The Shadow of Truth presents a “Market Update” in which we discuss the extreme fraud and deception that has engulfed the stock market – see below for our audio discussion:
The governments, in my view, with their agents the Federal Reserve and other central banks and with the treasury department, will do anything not to let asset prices go down…If the stock markets go down, I’m convinced all the central banks will buy stocks. All of them. – Mark Faber on CNBC
The S&P 500 has clawed back nearly 80% of its 250 plunge that occurred at the beginning of 2016. The pervasive “muscle reaction” of mainstream investors is to behave as if the nascent bear market in stocks is already over and we’re headed to 30k on the Dow. This tendency is epitomized by Cramer’s latest “c’mon on back in, the water is fine and stocks are cheap” declaration about a week ago. This graphic below exemplifies the current mainstream financial media narrative (sourced from Twitter with SoT edits):
This graph shows the number of stocks in the Russell 2000 index that have gained 50% for more in the last month of trading since October. As you can see, up until the current bear market dead-cat bounce, the market is “hot” when 20-30 stocks move up 50% in a month. In the current market, nearly 80 stocks have moved up in the last month. This graph shows the omnipresent footprints of both the Plunge Protection Team and HFT trading. It’s gotten to the point at which every time the stock market seems ready to sell-off hard, some sort of “invisible hand” comes in and scoops up stocks, driving the market back up.
The other highly fraudulent aspect of this market is the way earnings are reported. Companies now report GAAP and “non-GAAP” earnings. The difference between the two presentation methods can be summed up as, “somewhat fake earnings” and “mostly fake earnings.”
In 2015, 20 of the 30 companies in the Dow Jones Industrial index reported non-GAAP earnings.
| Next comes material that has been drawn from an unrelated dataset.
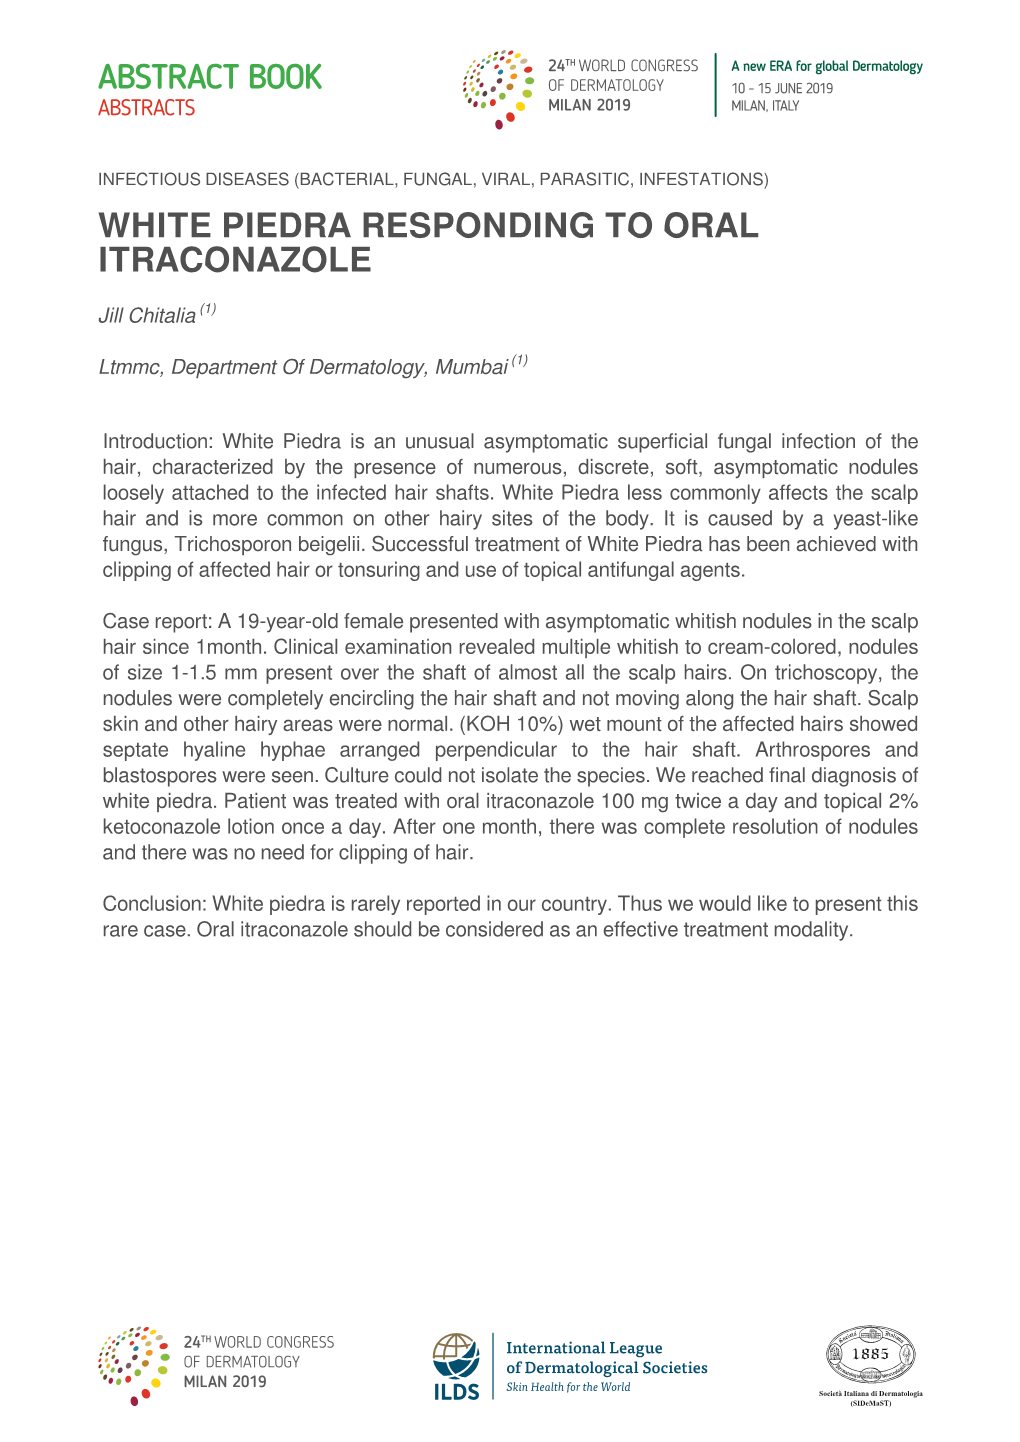 White Piedra Responding to Oral Itraconazole
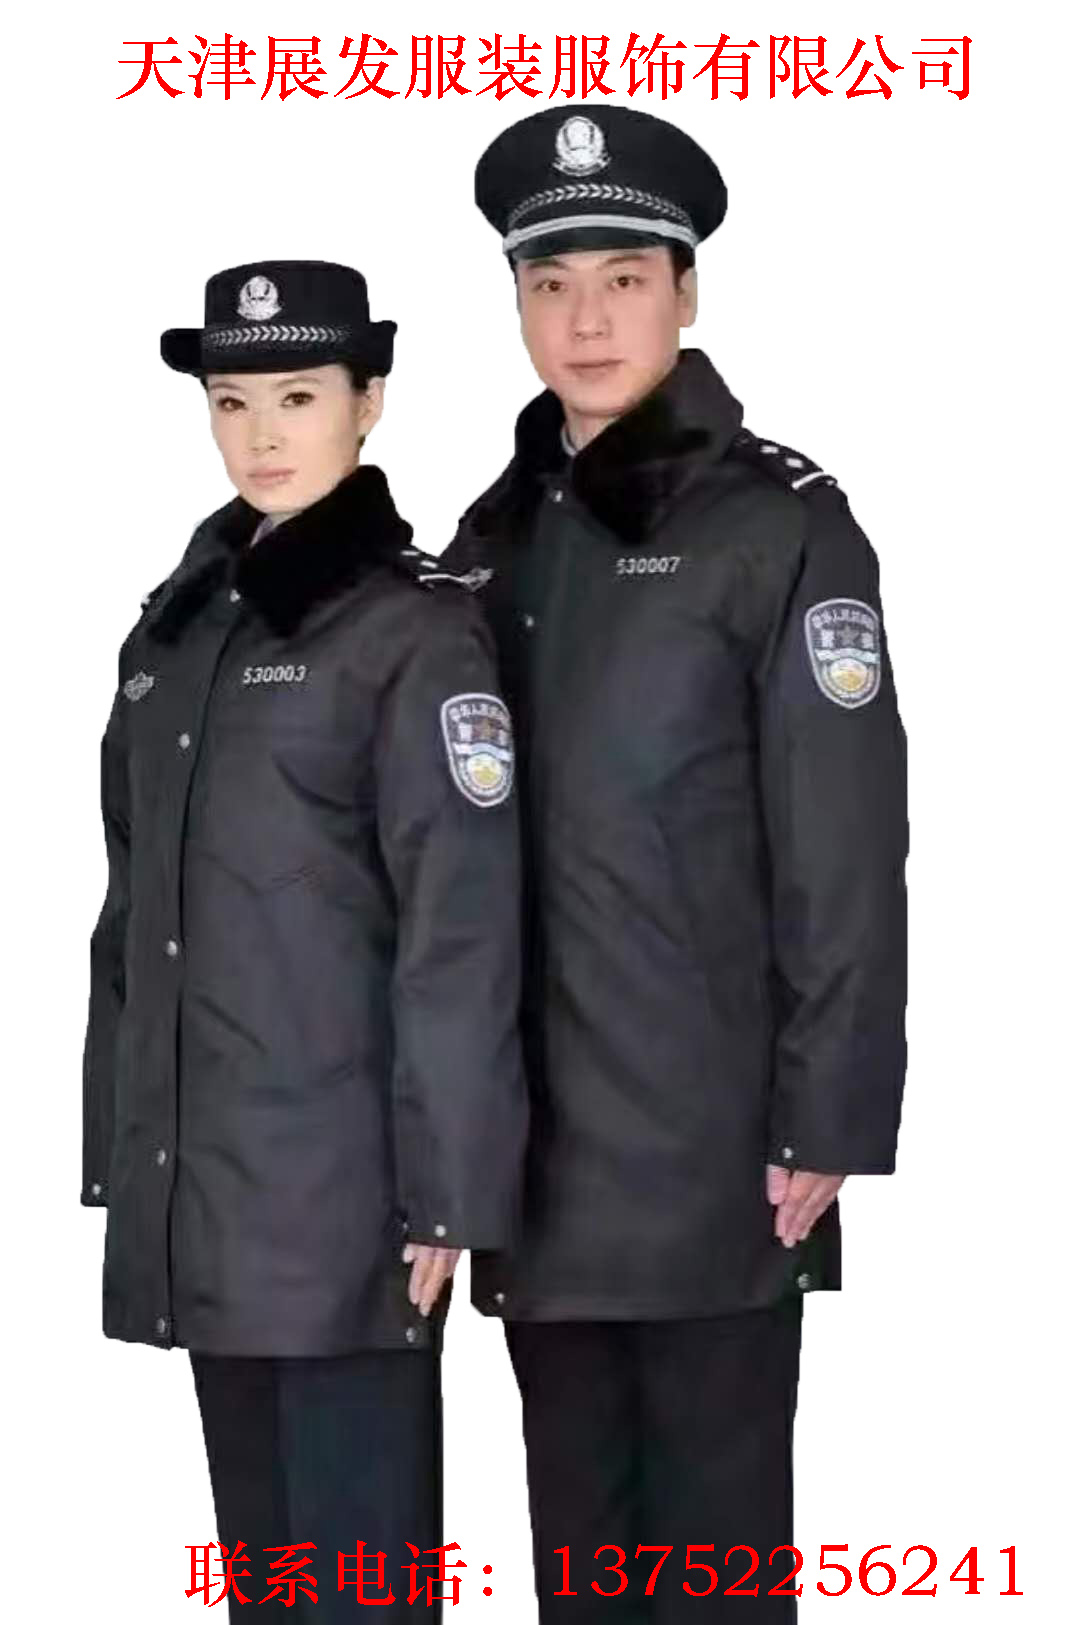 公安服装专卖店 警察图片

For 18 of these 20, non-GAAP EPS was higher than GAAP. On average, non-GAAP earnings were 31% higher than GAAP for these 20 companies. In 2014, non-GAAP was 12% higher than GAAP for the non-GAAP reporting companies (FACTSET.COM) This illustrates the degree to which companies are now going to disguise and/or fabricate their earnings.
As if to throw gasoline of the fire of fraud and deception, which has engulfed our financial system, most large corporations are now borrowing money in order to buy back their shares. This benefits no one except the insiders, who receive huge, stock-laden compensation packages and then turn around and sell their stock into the company’s buyback program. At its root, this is nothing more than a massive transfer of wealth from shareholders to insiders. Why not just ask the shareholders to get out their checkbooks and send insiders a personal check instead?
Here’s an idea for reform, which, of course, will never happen: prohibit insiders from selling shares whenever a company has a shareholder buyback program in place. But don’t hold your breath waiting for that to happen….
Article reposted with permission from The Daily CoinDon't forget to Like Freedom Outpost on Facebook, Google Plus, & Twitter. You can also get Freedom Outpost delivered to your Amazon Kindle device here.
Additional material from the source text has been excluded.